Parks & Recreation

 

Rushville features more than 50 acres of public parks, including a brand-new Amphitheater at Riverside Park , new municipal swimming pool (complete with several exciting water slides), 12 tennis courts, fitness trail, and two 18-hole golf courses. Local residents can choose from 6 different park areas to meet their recreational needs.

  • Veterans Memorial Park North is located within the Rushville Consolidated School Corporation Campus in northwestern Rushville. The high school, vocational school, elementary school, football stadium, basketball arena, baseball diamond and lighted tennis courts are located on school and city property here. In addition to these facilities, the Parks and Recreation Department has a zero depth access outdoor pool with locker rooms, sun deck, a covered shelter house, the Parks and Recreation Department offices, a lighted softball diamond, concession stands, lighted horseshoe courts, picnic areas, playground equipment, fitness walk trails and several small cabins.
  • Veterans Memorial Park South , located on Jackson Street between Ninth and Eleventh Streets, offers an enclosed shelter house, lighted basketball courts, large flower planters, restrooms, playground equipment, picnic tables, fitness walk trail and a small privately operated restaurant.
  • Community Park , located on Ft. Wayne Road includes: a partially enclosed shelter house with concessions, a softball diamond, restrooms, playground equipment, basketball court, a tennis court and a storage building.
  • Laughlin Park , located at Second and Spencer Streets, houses an enclosed shelter house, a basketball court, a concession stand, shuffleboard, picnic tables, restrooms, playground equipment, two lighted baseball diamonds, a lighted softball diamond, an unlighted T-ball diamond and a large undeveloped area.
  • Wilkie Park , located on Main Street between Second and Third Streets, has a gazebo, benches and flowerbeds for downtown visitors to enjoy.
  • Riverside Park & Amphitheater provides some thirty acres along the Flatrock River with
    a new state-of-the-art Amphitheater for musical and stage performances, a nature-walk trail and picnic areas.

Golf : Rush County has two 18-hole golf courses that are both open to the public.

    • Antler Point Golf Club is a semi-private rolling, tree-lined course just three miles north of Rushville.
    • Horseshoe Bend Golf Course is also semi-private and is located in the northern part of Rush County near Lewisville .

The area's youth are well-served, too, by the Rushville Boys & Girls Club, which offers a wide variety of programs ranging from education and physical fitness, to craft and hobby classes, and an active 4-H program.

Arts & Entertainment

It would be wrong to assume that Rush County 's rural nature excludes it from the arts- entertainment and cultural advantages that many seek for their families. Nothing could be further from the truth, for the arts flourish in many forms.

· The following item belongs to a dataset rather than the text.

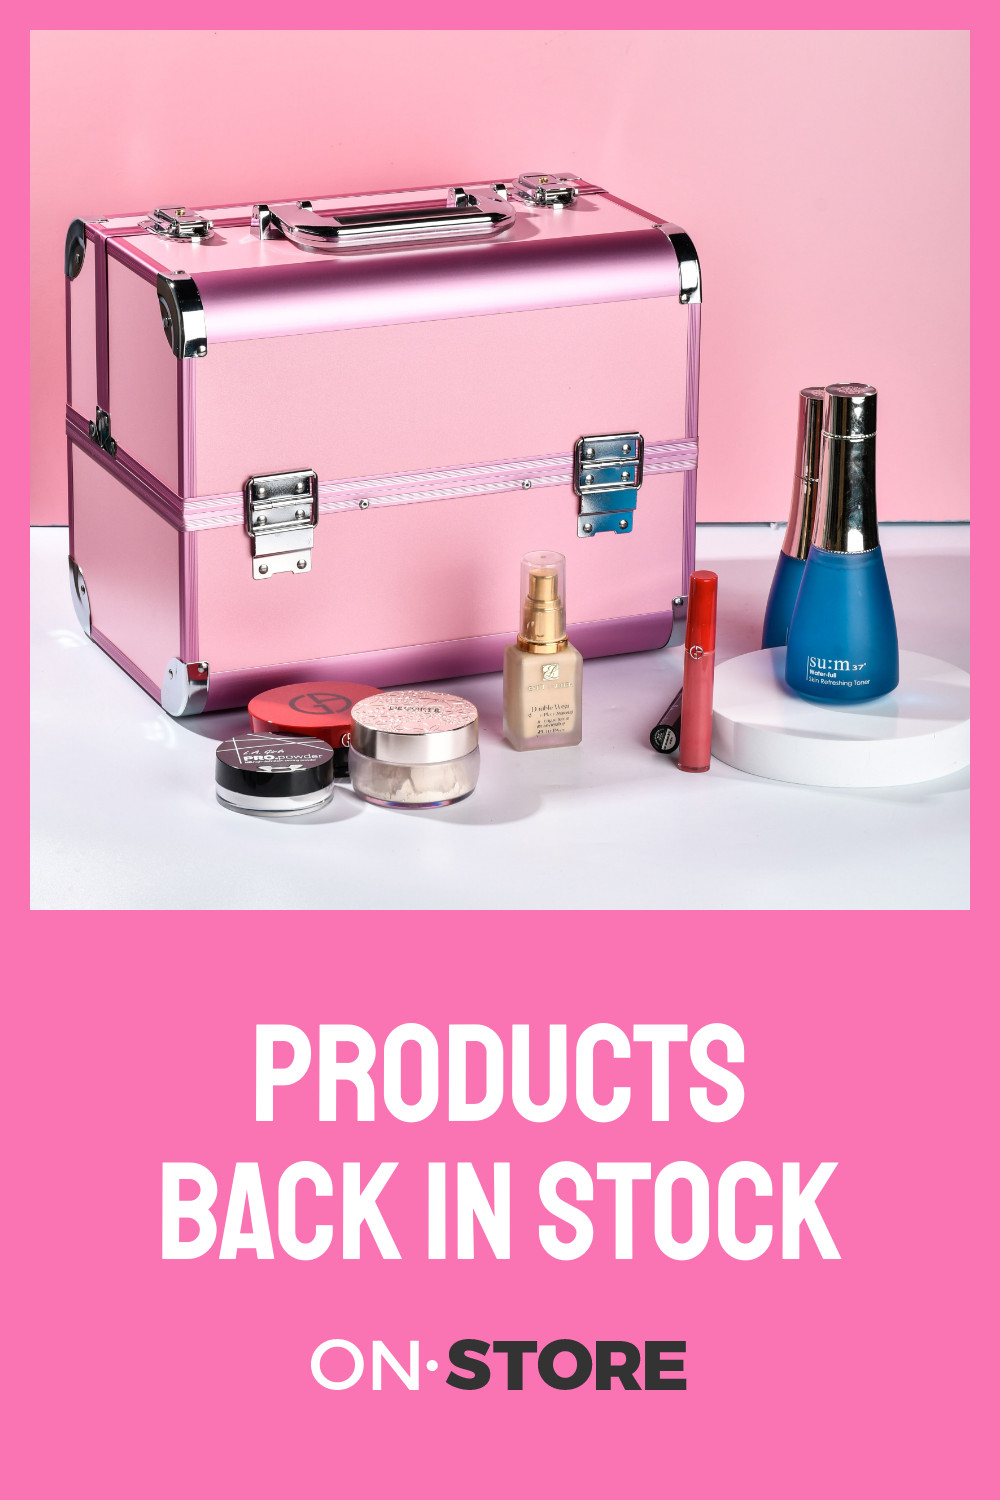 Beauty Products Back in Stock

The county supports a lovely, old-fashioned Historical Museum , maintained by the Rush County Historical Society. The museum, located at Seventh and Perkins streets, researches, collects, preserves and interprets information and artifacts about the area. Open on Sunday afternoons during the summer months, the museum provides a glimpse of the American fabric, displaying things like an early Harcourt wheat drill, a spinning wheel, a miniature carousel, 19th century toys and music boxes.

Five of the famous Kennedy covered bridges are sprinkled throughout the county. Three generations of Kennedy's built approximately 50 covered bridges in central and outhern Indiana during a sixty-year period beginning in the 1880s. These magnificent structures, buttressed by the Burr arch truss system, are lovingly protected by Rush County Heritage, and attract visitors from far and near. One fine example is the Moscow Covered Bridge , which in June of each year inspires the Moscow Covered Bridge Festival.

The Rush County Players ( www.rushcountyplayers.org ) offer local community theater productions at least four times annually. The Players always welcome new talent; auditions for these productions are well-publicized and attract young and old alike. In addition, the local high school has fine programs in both instrumental and choral music and live theater. Several concerts and stage productions are presented each year to near sell-out crowds. From time to time, the local Rotary Club also sponsors visiting artists.

Summer theater is ably performed by the satirical Briar Patch Players, an energetic group of high schoolers who entertain with local musical fare with shows that culminate on the Fourth of July.

The county also boasts several long-standing literary clubs, an active garden club, a community band and many other opportunities in the visual and performing arts.

Countywide celebrations include the Moscow Covered Bridge Festival, Glenwood Old-Fashioned Days, the Pioneer Engineers Steam and Gas Engine show, the Rush County Festival and the ever-popular Rush County Fair which features competitions and displays in many of the arts.